__Problem requirements__.
Apart from the pictures, which must be omitted, restate the data exactly.

__The data__.
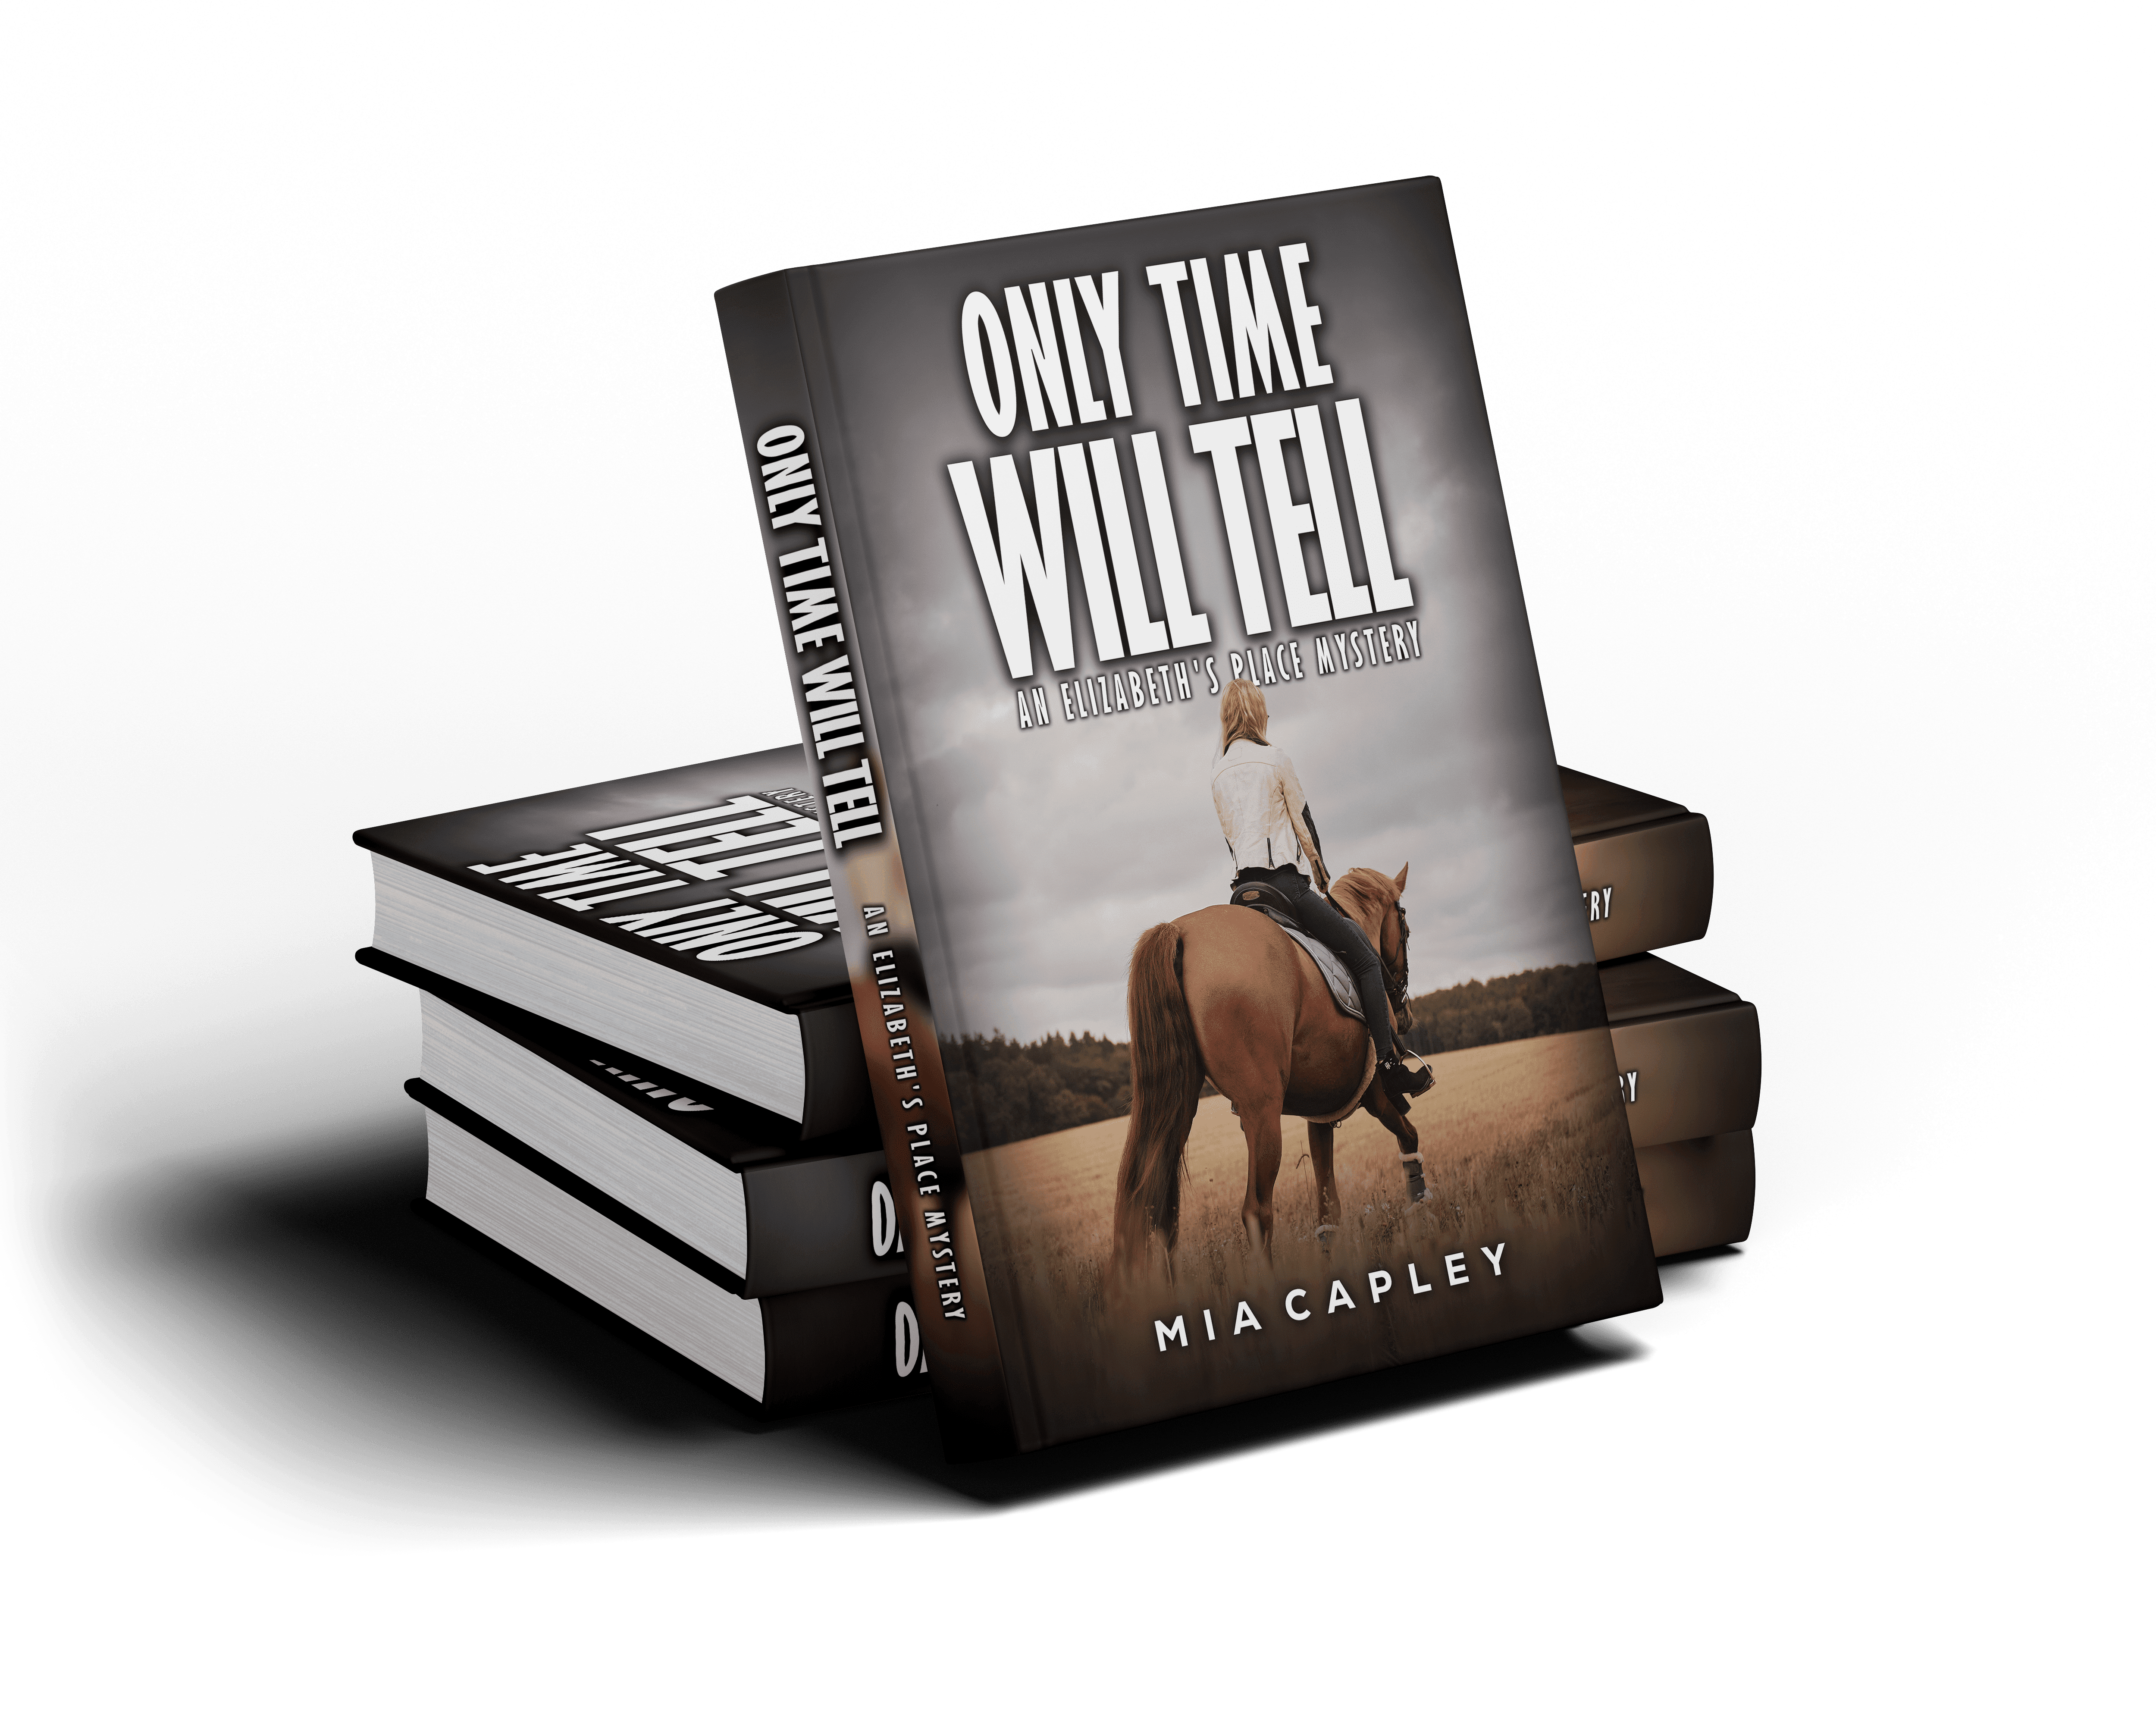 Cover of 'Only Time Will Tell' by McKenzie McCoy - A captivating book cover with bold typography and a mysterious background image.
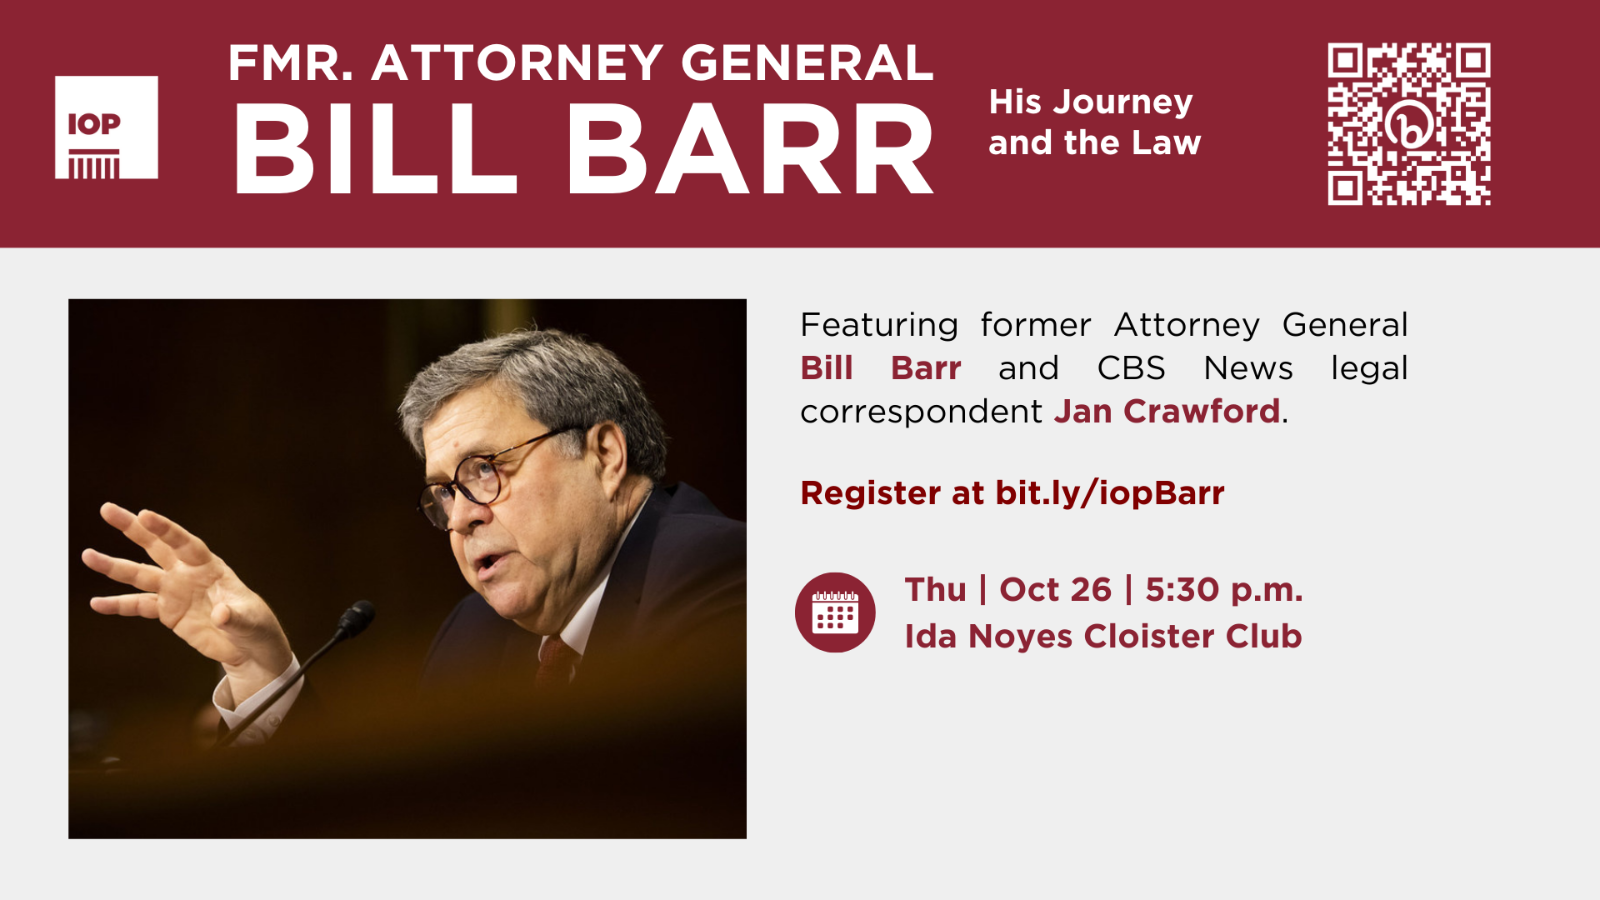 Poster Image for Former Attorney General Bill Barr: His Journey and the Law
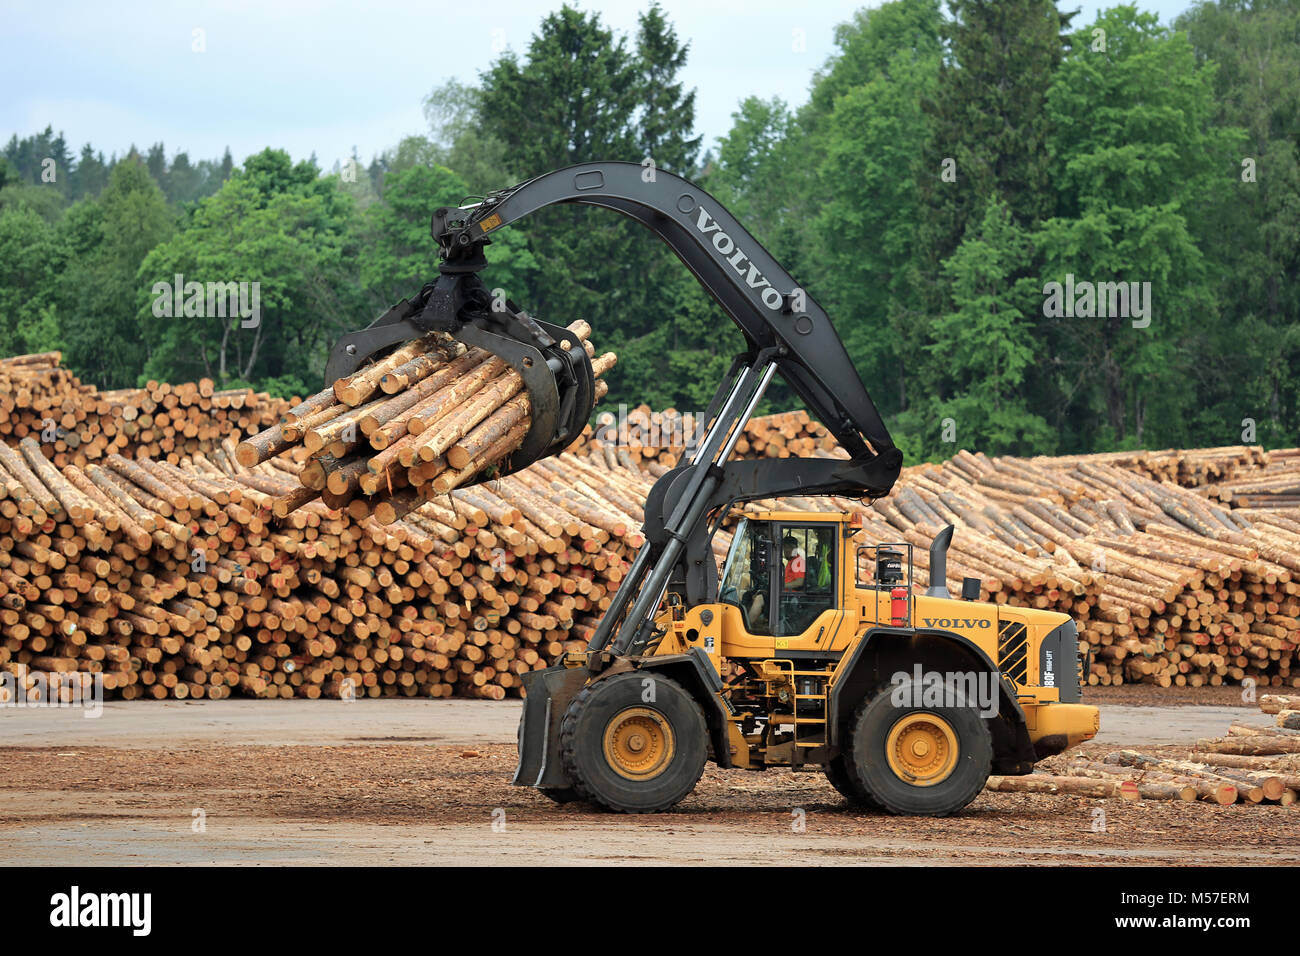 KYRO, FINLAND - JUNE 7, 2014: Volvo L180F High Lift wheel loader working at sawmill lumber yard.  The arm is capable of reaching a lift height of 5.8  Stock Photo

__Written solution__.
 Cover of 'Only Time Will Tell' by McKenzie McCoy - A captivating book cover with bold typography and a mysterious background image.
 Poster Image for Former Attorney General Bill Barr: His Journey and the Law
 KYRO, FINLAND - JUNE 7, 2014: Volvo L180F High Lift wheel loader working at sawmill lumber yard.  The arm is capable of reaching a lift height of 5.8  Stock Photo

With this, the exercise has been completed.